Bellamy restructured "Hysteria" after feedback from the producer, Rich Costey. The lyrics describe a soul-consuming obsession. Muse recorded it at Air Studios in late 2002 and completed it at Livingston Recording Studios in early 2003, both in London. In 2025, Wolstenholme said "Hysteria" was his favourite Muse bassline.

== Music video ==
Two music videos were made for "Hysteria". In the European video, a man (played by Justin Theroux) obsessively views videos of a prostitute and destroys a hotel room in rage. It recalls a similar scene in the 1982 film Pink Floyd – The Wall. The American video features Muse playing before a montage of projected images.

== Release ==
"Hysteria" was released on December 1 2003 as the third single from Absolution. Performances are included the live videos Absolution Tour (2005) and HAARP (2008). A demo and a live version appeared on Absolution XX, the Absolution reissue released in 2023. "Hysteria" was featured in the 2023 video game Fortnite Festival.

== Reception ==
In NME, Kirssi Murison described "Hysteria" as "self-indulgent warp-speed rock" that "manages to wrap up Muse's pomp and majesty in what is a fabulously transparent, bewilderingly unpretentious, pop-glam hit". In American Songwriter, Bryan Reesman said "Hysteria" was "amazingly aggressive and cathartic" and "certainly one of the most memorable bass lines of the modern rock era ... one of Muse's most potent tracks".

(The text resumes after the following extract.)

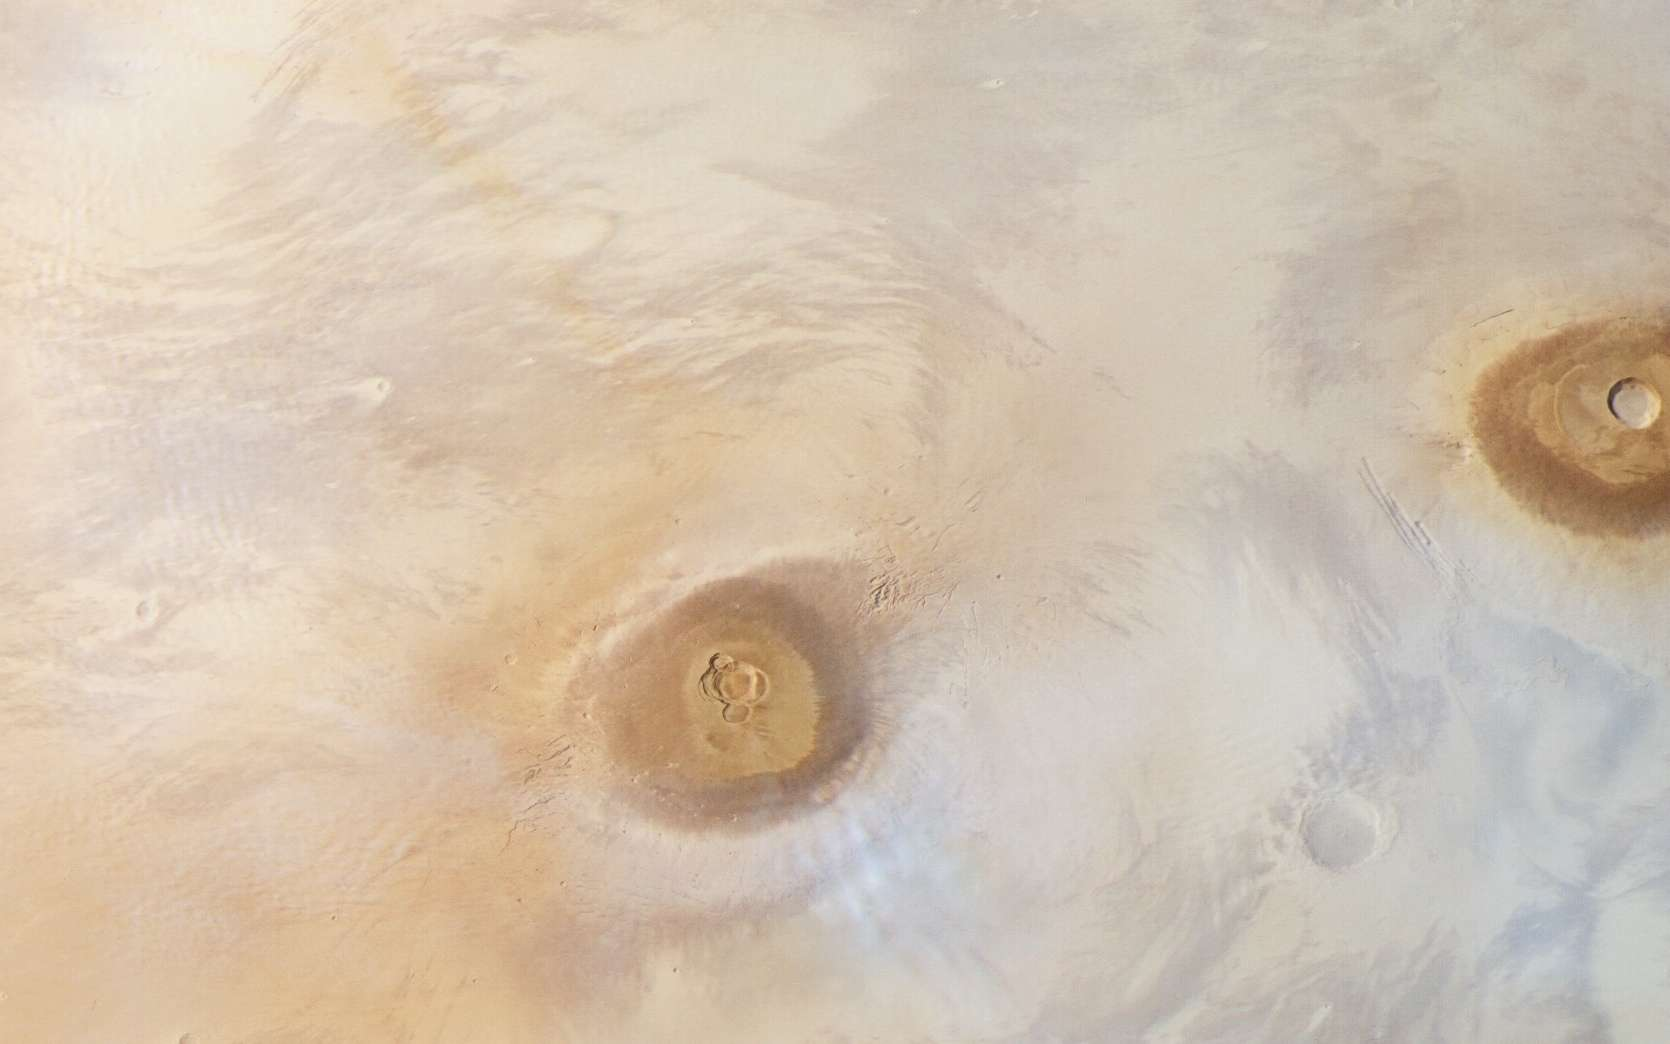 Extrait de la vue globale de Mars prise par Mars Express lors de sa 17.444e/sup> orbite de Mars. © ESA, DLR, FU Berlin, CC by-sa 3.0 IGO

In 2012, "Hysteria" was voted the best Muse song by NME readers. Its bassline was named the sixth-best of all time by MusicRadar in 2011 and the fourth-best by Guitar World in 2022. In 2022, Guitar World named it the fourth-best Muse bassline.

==Track listing==
- 7", CD
1. "Hysteria" – 3:47
2. "Eternally Missed" – 6:05
  - Produced by John Cornfield, Paul Reeve and Muse
- DVD
3. "Hysteria" (video – Director's Cut)
4. "Hysteria" (DVD Audio)
5. "Hysteria" (live on MTV2 Video)
6. "Artwork Gallery"

==Charts==

===Weekly charts===

Weekly chart performance for "Hysteria"
| Chart (2003–2005) | Peak position |
|---|---|
| Australia (ARIA) | 61 |
| France (SNEP) | 77 |
| Italy (FIMI) | 31 |
| Netherlands (Single Top 100) | 92 |
| Scottish Singles Sales (Official Charts) | 16 |
| Spain (Promusicae) | 20 |
| UK Singles (Official Charts) | 17 |
| UK Rock & Metal (Official Charts) | 1 |
| US Bubbling Under Hot 100 (Billboard) | 18 |
| US Alternative Airplay (Billboard) | 9 |

===Year-end charts===

2004 year-end chart performance for "Hysteria"
| Chart (2004) | Position |
|---|---|
| US Modern Rock Tracks (Billboard) | 94 |

2005 year-end chart performance for "Hysteria"
| Chart (2005) | Position |
|---|---|
| US Modern Rock Tracks (Billboard) | 39 |

==Certifications==

Certifications for "Hysteria"
| Region | Certification | Certified units/sales |
| Italy (FIMI) | Gold | 50,000^{‡} |
| New Zealand (RMNZ) | Platinum | 30,000^{‡} |
| Spain (Promusicae) | Gold | 30,000^{‡} |
| United Kingdom (BPI) | Platinum | 600,000^{‡} |
^{‡} Sales+streaming figures based on certification alone.